Because of the lack of dermatology training among GPs, between 31 and 59 per cent of referrals to secondary care take place before a psoriasis diagnosis has even been made. There is significant variation in wait times for a first outpatient appointment in dermatology across England, ranging from 32 days to a potential delay of over 33 weeks for some psoriasis patients, according to the English Hospital Episode Statistics (HES) database. Crucial time is being lost for these patients who are at risk of developing comorbidities such as cardiovascular disease, obesity and diabetes if not adequately treated. With psoriasis, time is of the essence; once the condition is controlled, routine follow-ups may not be needed, and could even move to being fully initiated by the patient in times of need.

Considering the solutions

There are many solutions that can be introduced to assist primary care teams with diagnosing and managing psoriasis, including the use of screening tools and digital solutions such as tele-dermatology. The NHS Long Term Plan specifically mentions how technology can support specialist referrals in dermatology with photos and questionnaires, meaning some patients can be managed entirely digitally. Furthermore, artificial intelligence is becoming more and more widely used and there is ample opportunity for AI tools to be used in healthcare to improve patient outcomes, increase productivity across the system, and free up clinicians’ time.
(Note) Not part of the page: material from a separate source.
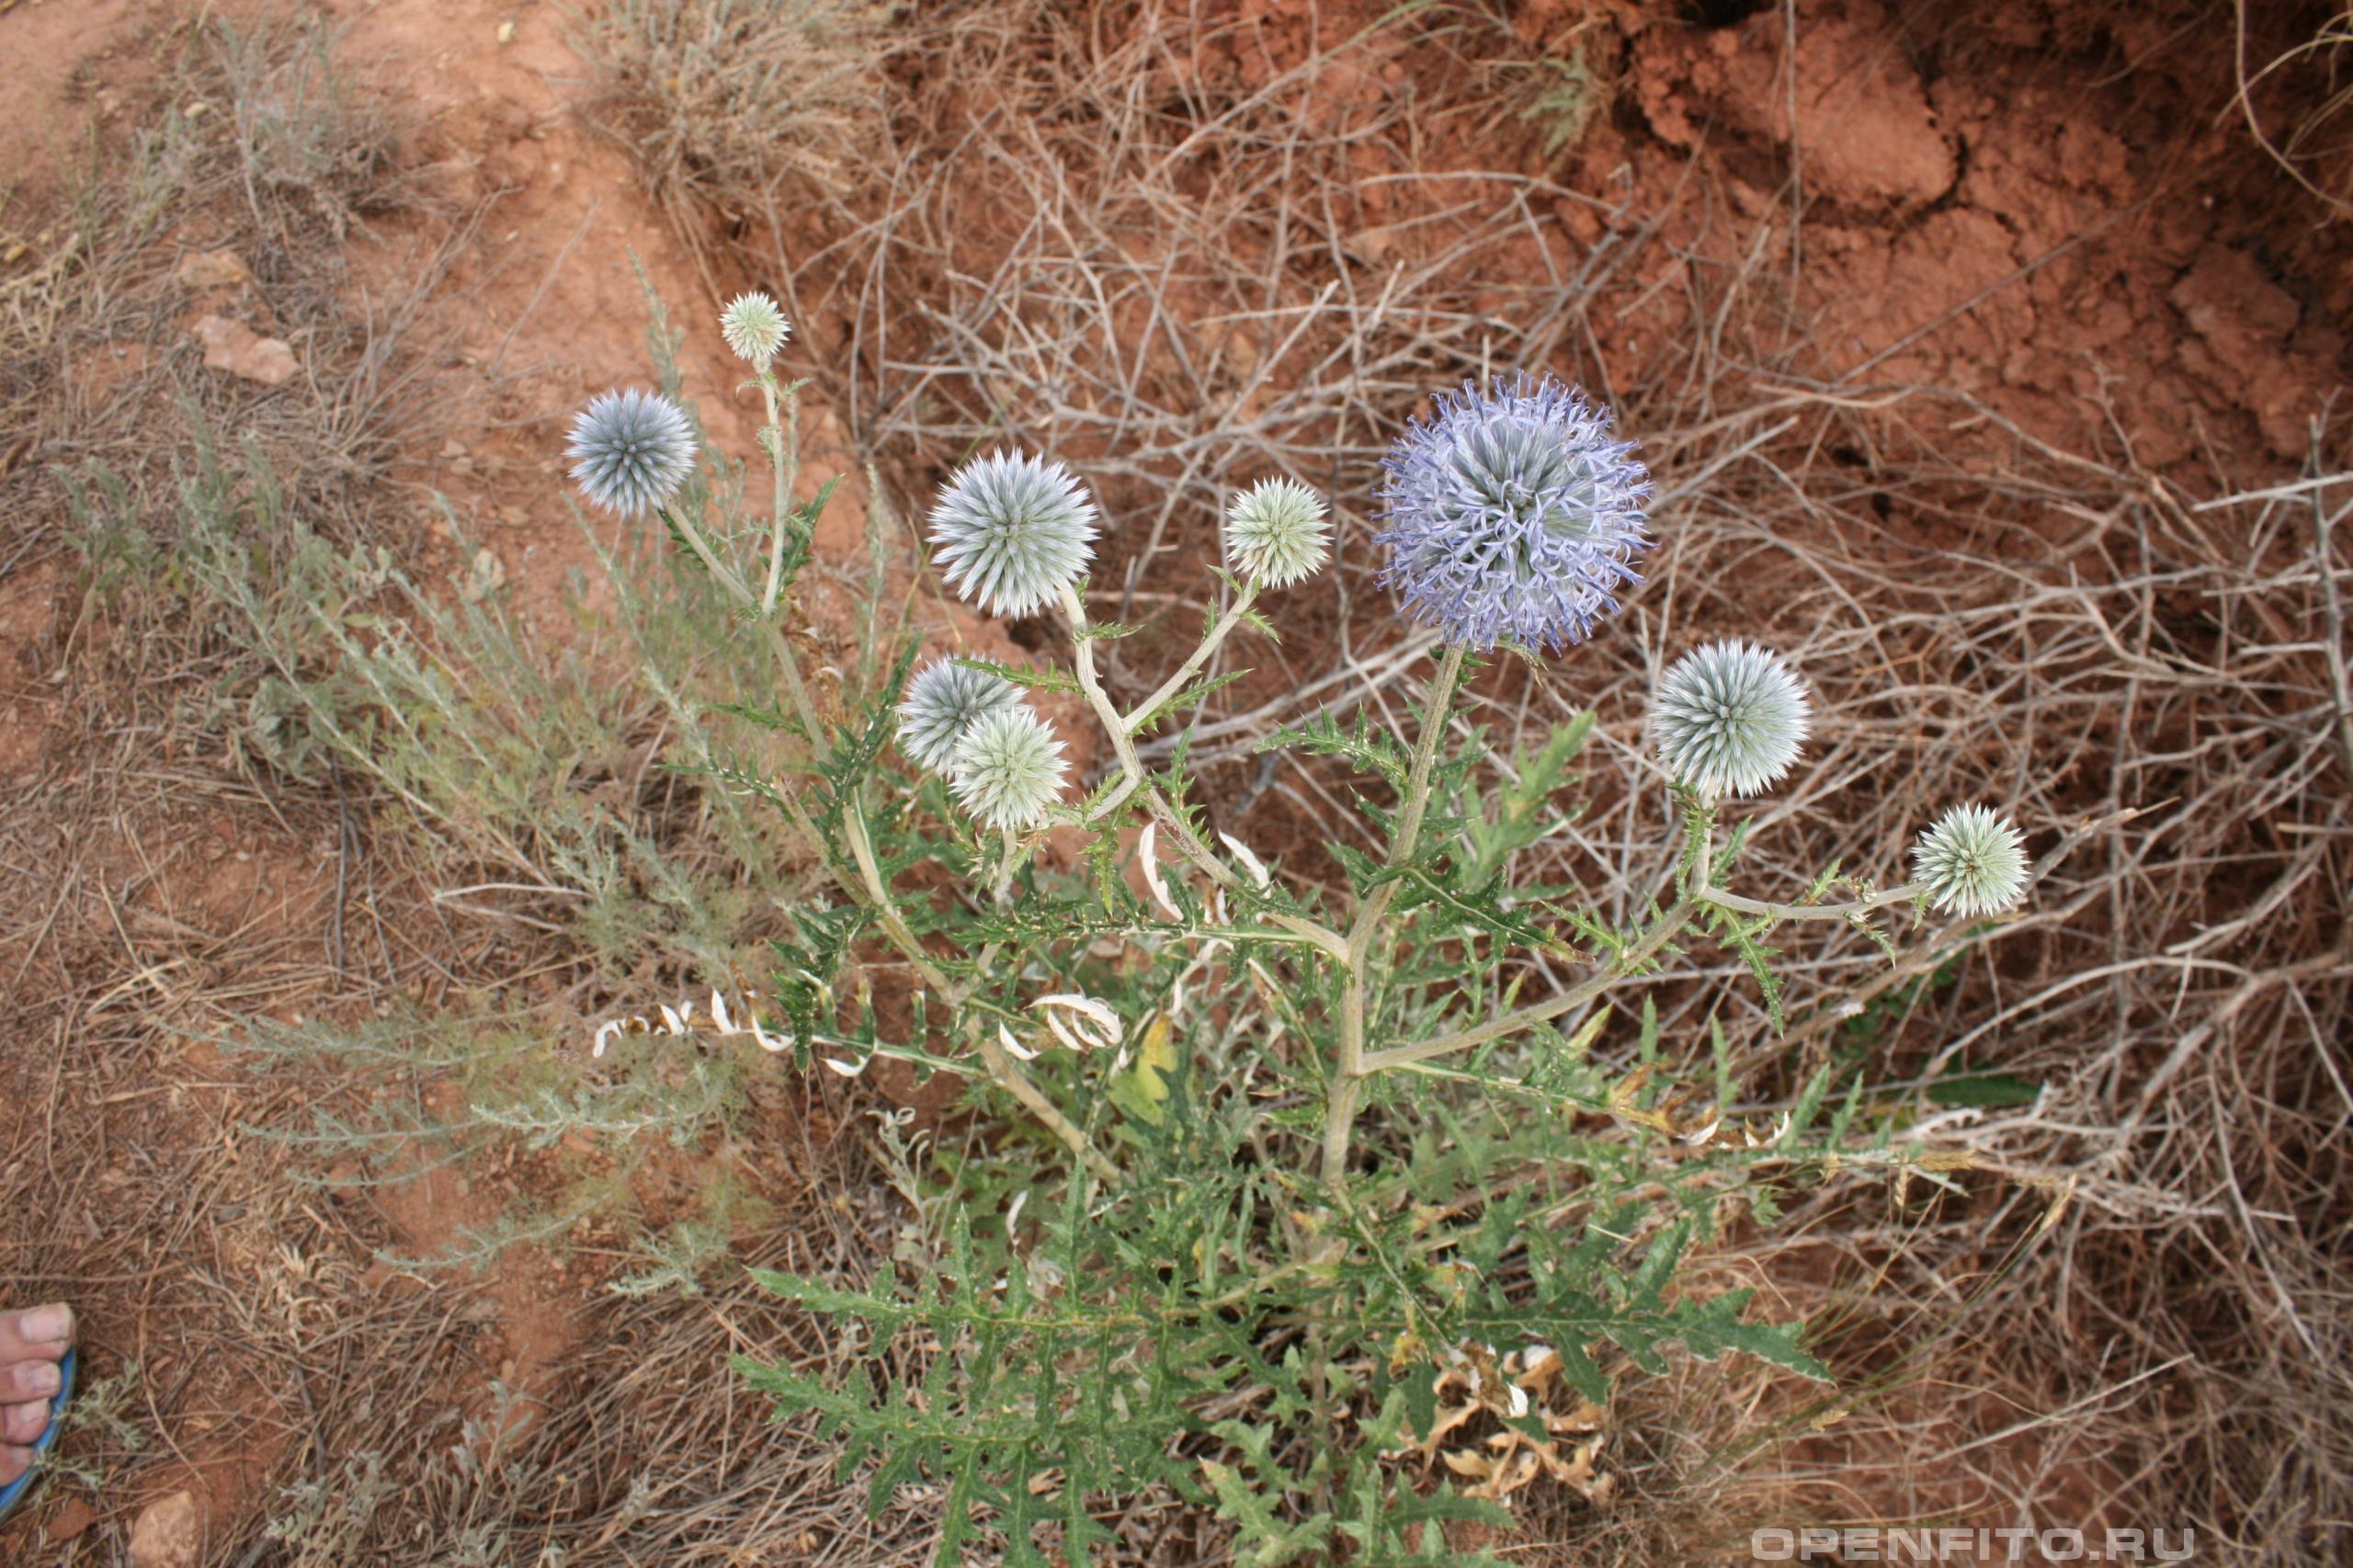 Мордовник шароголовый цветущее растение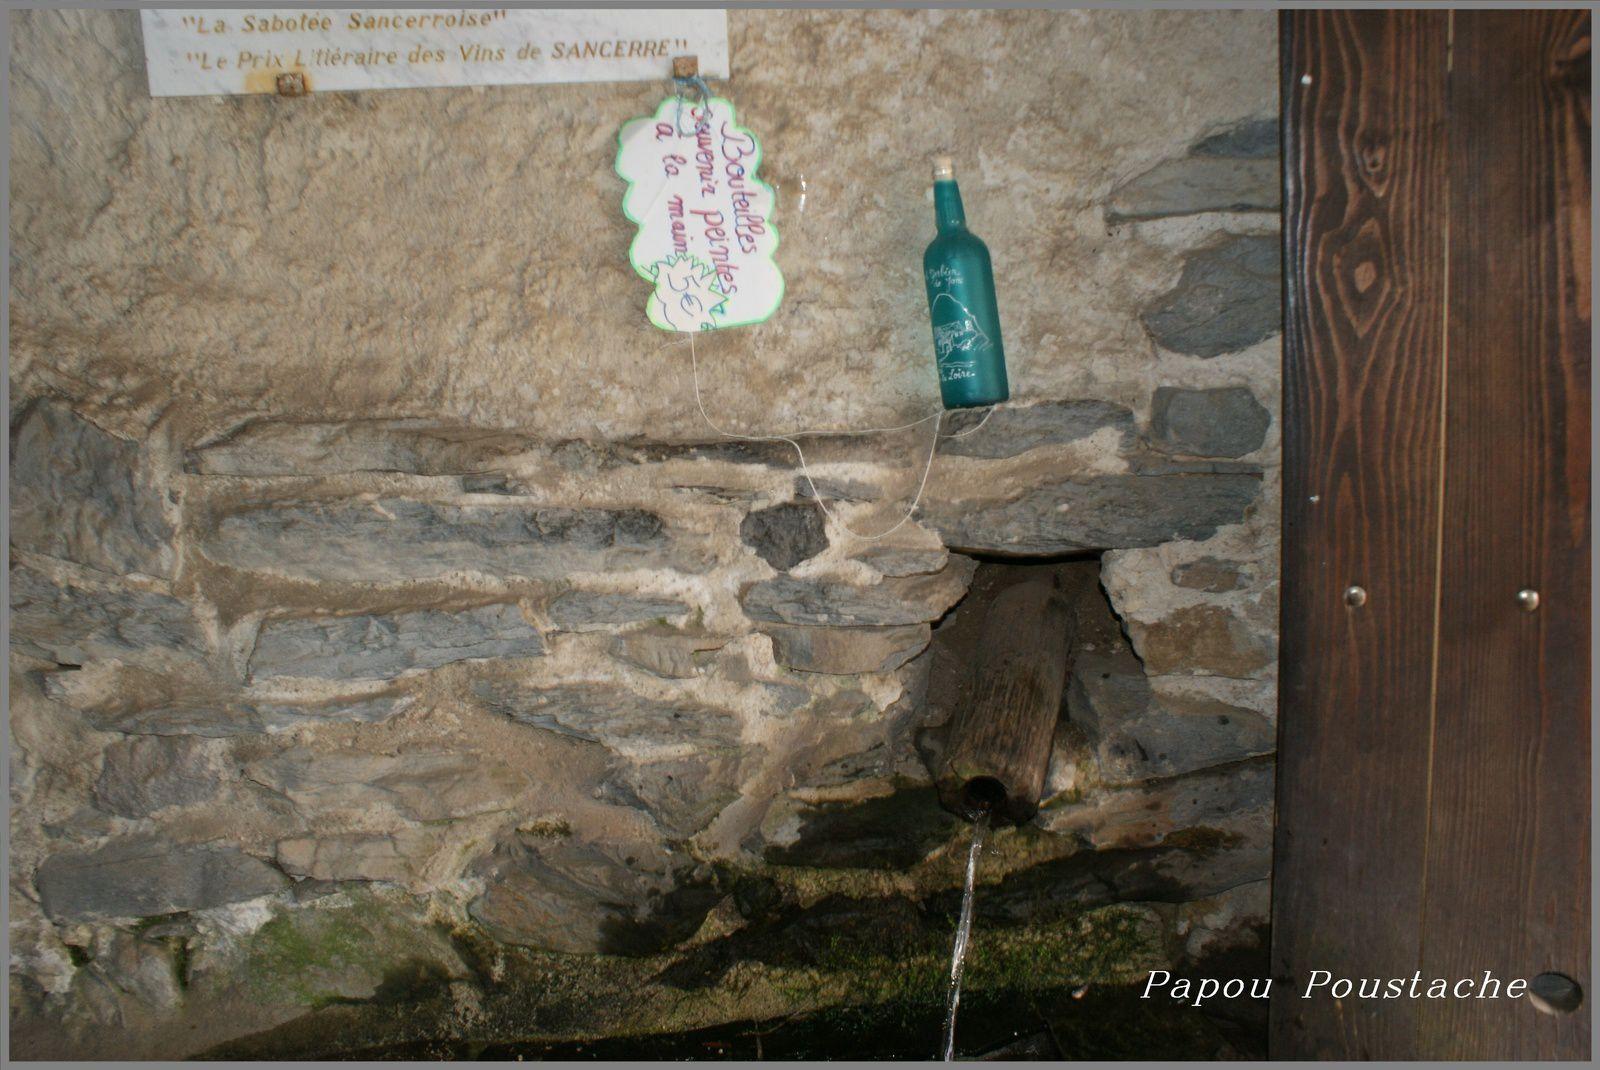 Le mont gerbier des joncs:Sucs et source de la Loire

Dr Stephanie Gallard, general practitioner with special interest for the Dermatology Integrated Clinical Assessment and Treatment Service at Liverpool University Hospital Foundation Trust, says: “The implementation of tele-dermatology services, providing the ability to triage photographic images and safely screen out the 30-50 per cent of patients with clinically benign lesions who require no further investigations is proving highly beneficial.

“Most trusts in England now utilise this pathway, which gives a decision within 72 hours and spares patients with benign lesions an anxious wait for a dermatology appointment. Saved medical resource can be directed to other clinics. The use of AI to triage images will aid this process further, with at least six trusts across the UK already using such technology.”

Additionally, supporting GPs and nurses with access to specialist advice and guidance, creating shared learning opportunities, and establishing GP champions could all help to train primary care health professionals to manage more psoriasis cases within their clinics. Training schemes for GPs, nurses and pharmacists must also include dermatology, and pharmacists should be encouraged and empowered to manage common skin conditions such as fungal infections and warts to reduce the burden on GP surgeries and free up time to deal with more serious cases. The pharmaceutical industry can support the NHS with implementing training programmes like this, and should make every effort to collaborate with healthcare services in future to help facilitate progress.

Planning for longer-term reform

The British Association of Dermatologists has long been calling for the expansion of the dermatology workforce, and the State of the Nation Psoriasis report also concludes that this is an unavoidable necessity to achieve change. However, the reality of implementing meaningful reform relies on investment in more roles and greater integration between healthcare services including primary care, dermatology and mental health. But beyond better-staffed teams, there is opportunity to drive efficiencies, and work should begin in earnest to prepare NHS staff and begin to implement processes and infrastructure for the full impact of digital technology.

Increasing the use of virtual “superclinics” is also a promising prospect for the future. These are hub-and-spoke model clinics designed to maximise the expertise of the most experienced team members to support more junior doctors and nurses with the delivery of specialised care to the highest number of patients. Such clinics, while currently few and far between, have been celebrated within the dermatology community for their efficiency, and their expansion could mean more patients are managed in an effective, timely and patient-centric way.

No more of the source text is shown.